When I read an answer, my main goal is to verify that you know what's going on. Here are some more details, mostly about what to avoid.

Make sure you answer the question that is asked.
1. If you answer another question instead of the one that's asked, you will lose substantial marks. It is especially risky to just dump memory and answer a similar question from one of the assignments. If I detect this, you will get a zero for the question. Thinking is what's important. Memory without thinking is a crime that you should try to hide if you do commit it.
2. If you answer the question and also write something correct that is not asked, you will not get any extra marks. Your marks will be based on your answer to what is asked.
3. However, if you say something off-topic that is wrong, you can definitely lose marks. To repeat, if you write a perfect answer to the question that is asked, and also write something incorrect, you will lose marks.
Vocabulary is important. A large part of this course is about communication. You must be able to deal with the subject matter using both technical terms and plain language.
Some questions on the final may ask you to state results "in plain, non-statistical language." Please do not ignore the request for plain language. Regardless of what you say, if plain language is requested then you will get zero marks if you mention the null hypothesis, or use any statistical or technical terms like, correlation, regression, ANOVA, statistically significant, factorial design, positive relationship, controlling for, and so on. Even the word "significant" (without "statistically") should be avoided; it's borderline.
It is also very important in describing a set of findings to say what happened! For example, do not just say that the average amount of rot in potatoes was related to temperature. Instead, say that there was more rot on average at warmer temperatures.
In a real-world situation (and in the artificial world we presently inhabit, too), you don't get part marks for an answer that (correctly) indicates a relationship is present, but does not say what it is. Imagine you are working in marketing, and you leave a voice mail that says "Consumers recalled one of the commercials better than the other one." Click. Are you trying to frustrate your boss? Are you trying to get fired?

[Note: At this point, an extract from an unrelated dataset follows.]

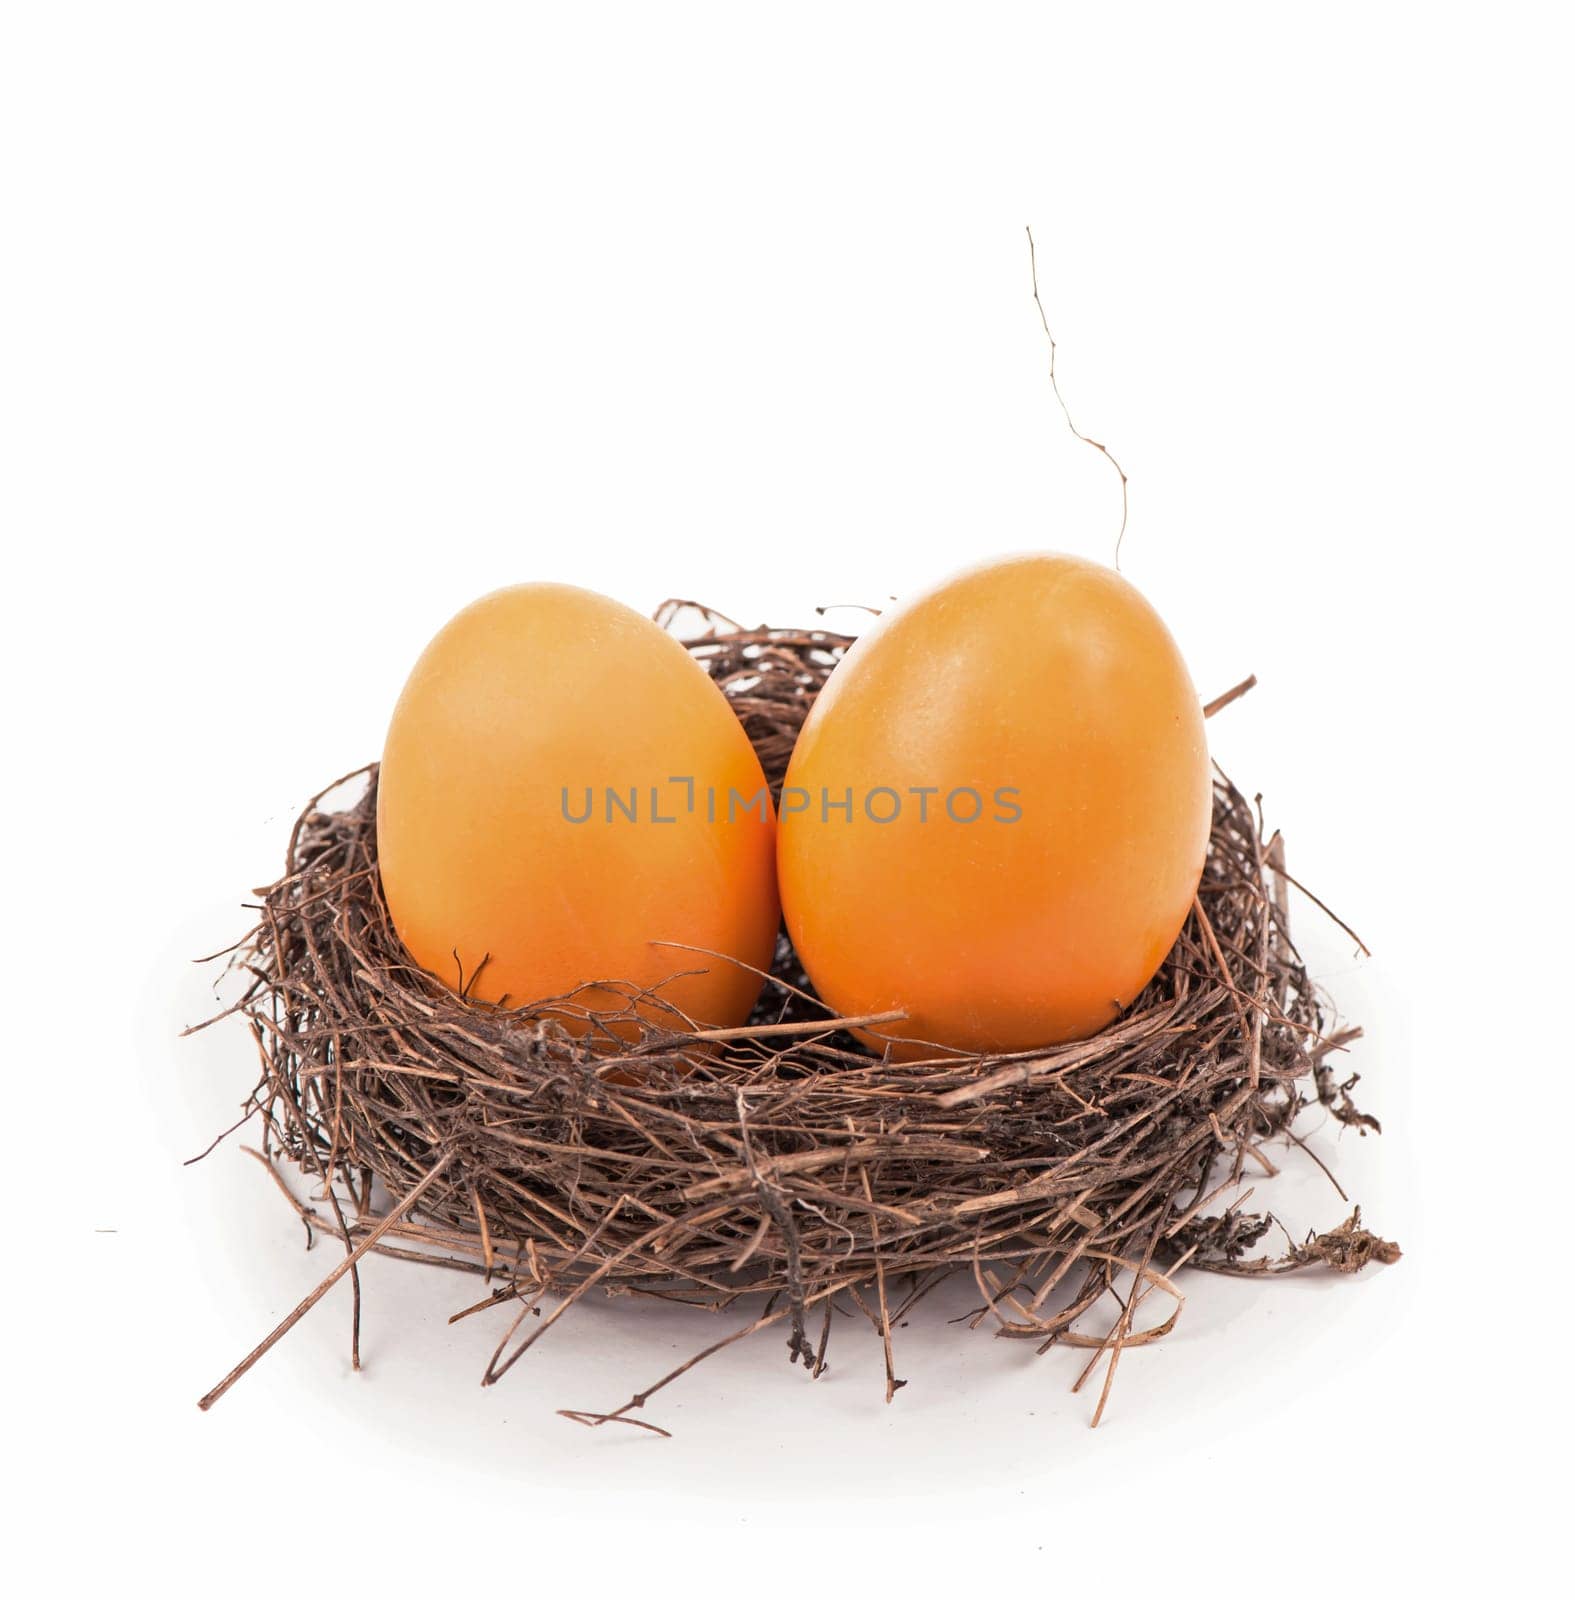 In the nest are eggs painted for Easter. Chicken eggs cooked for Easter in a wicker nest on a white background. Easter nest concept with eggs. by aprilphoto

Some professors mark by looking for the correct answer, or part of it. If they find something good, you get points for it. This can encourage a kind of shotgun strategy for writing answers. Just write everything you can think of, and maybe some of it will be what this peculiar individual is looking for.
But that strategy backfires when I mark an exam, because (except for simple numerical answers) I usually do not give marks for things that are correct; I take off marks for things that are wrong or missing. So, if a student writes a long answer that includes the correct conclusion, the wrong conclusion (based on the same information!) and something irrelevant, all I really see is the contradiction between the two conclusions, and I will probably give the answer a zero. Yet it might be that the student understands everything perfectly, but is just writing all the crazy stuff as insurance against the unlikely possibility that maybe that's what I am looking for. Let's make sure that you don't fall into this trap!